During a 12-year RAF career, Andy Jones worked on Tornado engines, joined a helicopter Search and Rescue crew and served alongside ambulance crews as a military co-responder. The father-of-one from Llanharan transferred his engineering skills to the civilian world, until a combination of work and mental health pressures led to burn-out. With support from The Poppy Factory, Andy was able to re-set his work-life balance through a new job at a family-run logistics firm, which he has helped steer through tough times following a promotion to Operations Manager.
Inspired by flight
“I’ve been interested in aviation since I was very small and it still fascinates me. When I left school and went to Barry College to study aircraft engineering, all of my instructors were ex-RAF so it started to seem like an interesting career path. As an 18-year-old, all that was on my mind was training, being able to pull aircraft engines apart and put them back together.
“I served at RAF Cottesmore and Lossiemouth, working on Tornados, then I joined the RAF Search and Rescue Force based in North Devon. I became part of the crew on the Sea King helicopter.
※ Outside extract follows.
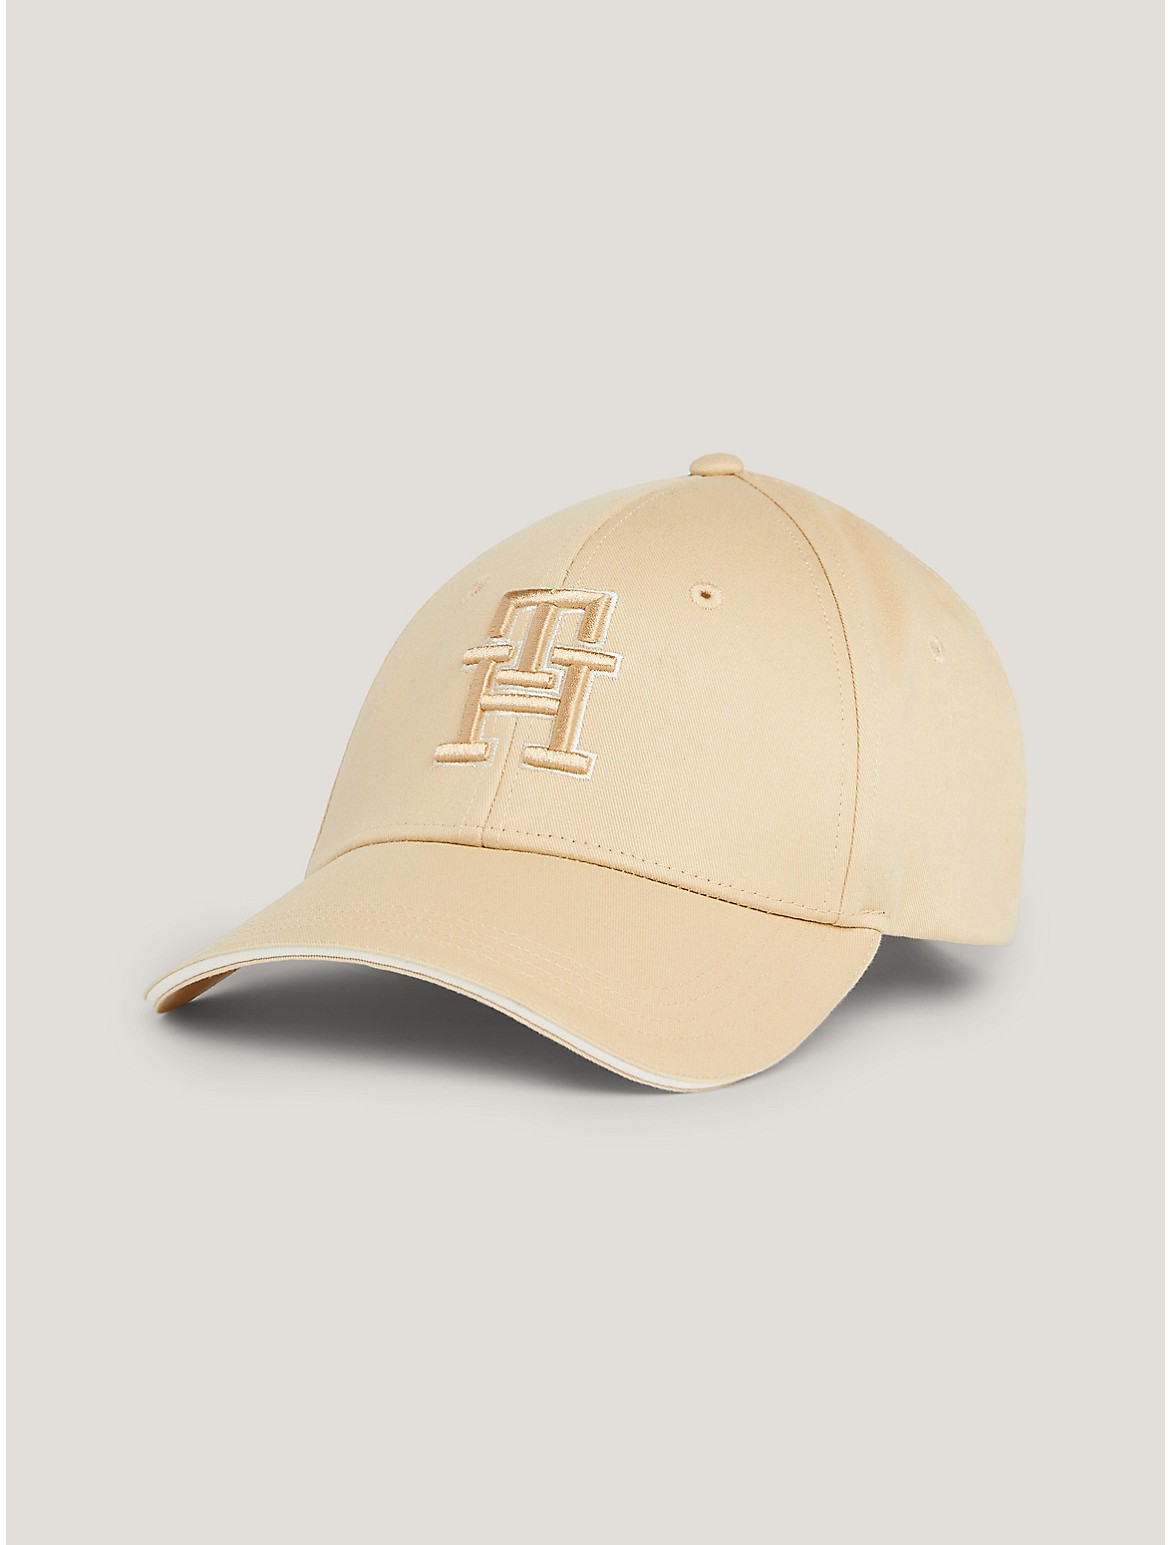 Tommy Hilfiger Women's Embroidered TH Baseball Cap

Every day could be a live situation, from a Harrier going down in the Bristol Channel to someone on an air bed being blown out to sea, or a climber falling off a mountain.
“During that time I also worked with the West Country Ambulance Service doing shifts as a military co-responder in a rapid response vehicle. It was a good way to keep up our medical training and develop our skills. In both roles we would deal with a lot of tragic situations and traumatic injuries, which often led to sleepless nights. There were a few incidents that stayed with me.
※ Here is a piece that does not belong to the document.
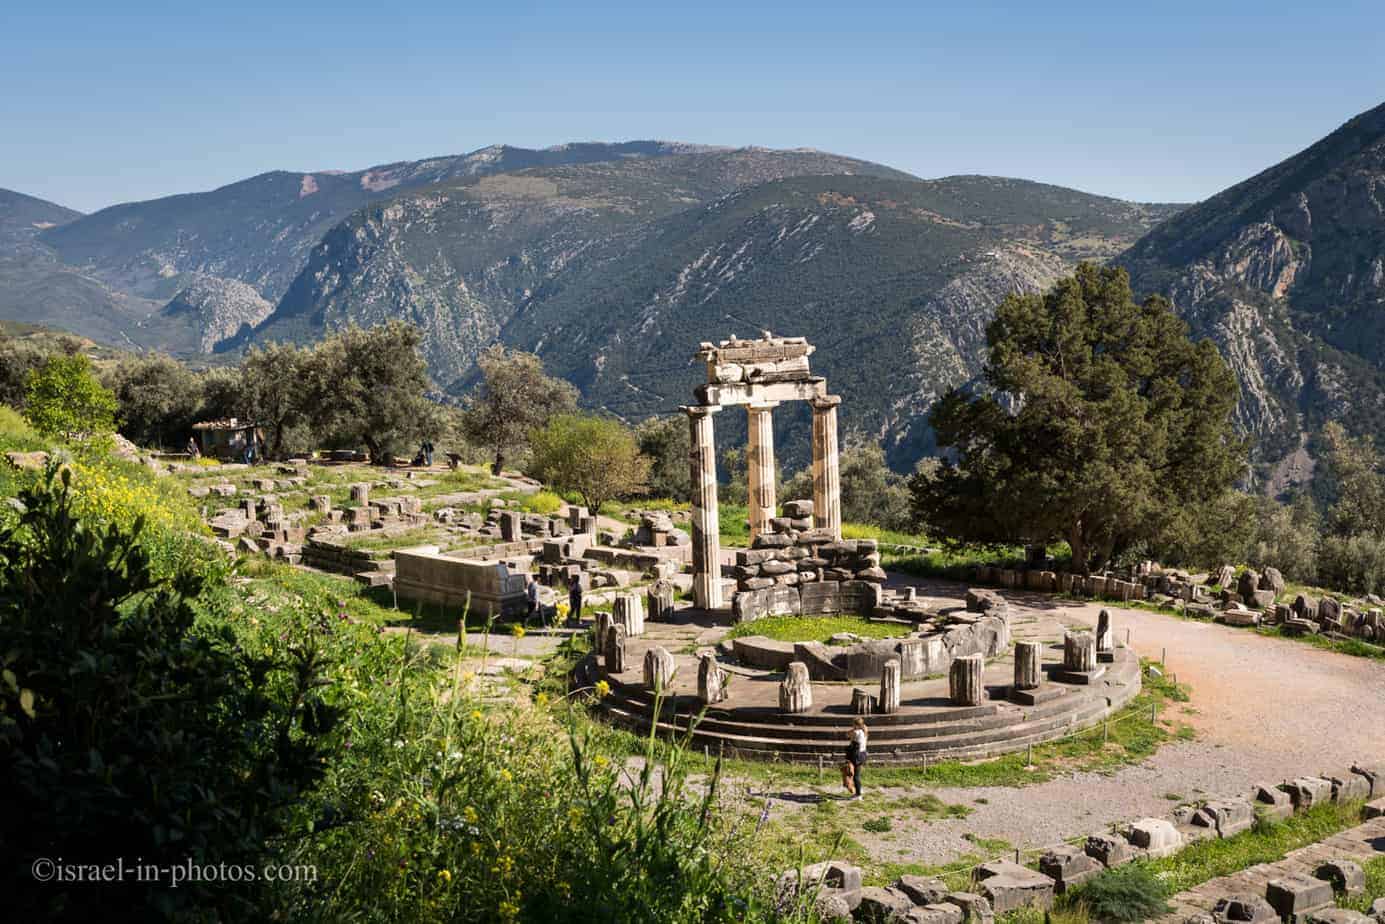 At Delphi archeological site in Greece, Europe

“By 2007 I was feeling a bit burnt out and thinking about what the next steps should be for my wife and I and our two-year-old daughter. I did a number of different jobs and then became an engineer at GE Aviation Wales near Caerphilly.
“I was a senior inspector responsible for the A380 engines. We would take engines apart to look for defects that might ultimately lead to engine failure, so there was a lot of responsibility and it felt like a lot of pressure. At the same time, my past experiences in the RAF started catching up with me, and things started to fall apart.
“I was working very long hours and coming home to my wife and daughter, and flying off the handle at the smallest things. I wasn’t looking after myself or my loved ones as well as they deserved. I was having such bad nightmares that I would stay up all night watching TV, because I didn’t want to go to sleep and dream again.
Asking for help
“In the end my wife dragged me to the GP and I saw a few different doctors, then one of them took the time to sit me down and ask what was really going on. He listened to me and said it sounded like I had post-traumatic stress disorder. I was referred to Veterans NHS Wales and I started to get the help I needed. It’s very much a process, and it was only after I’d been through treatment that I realised the PTSD had been with me for a while.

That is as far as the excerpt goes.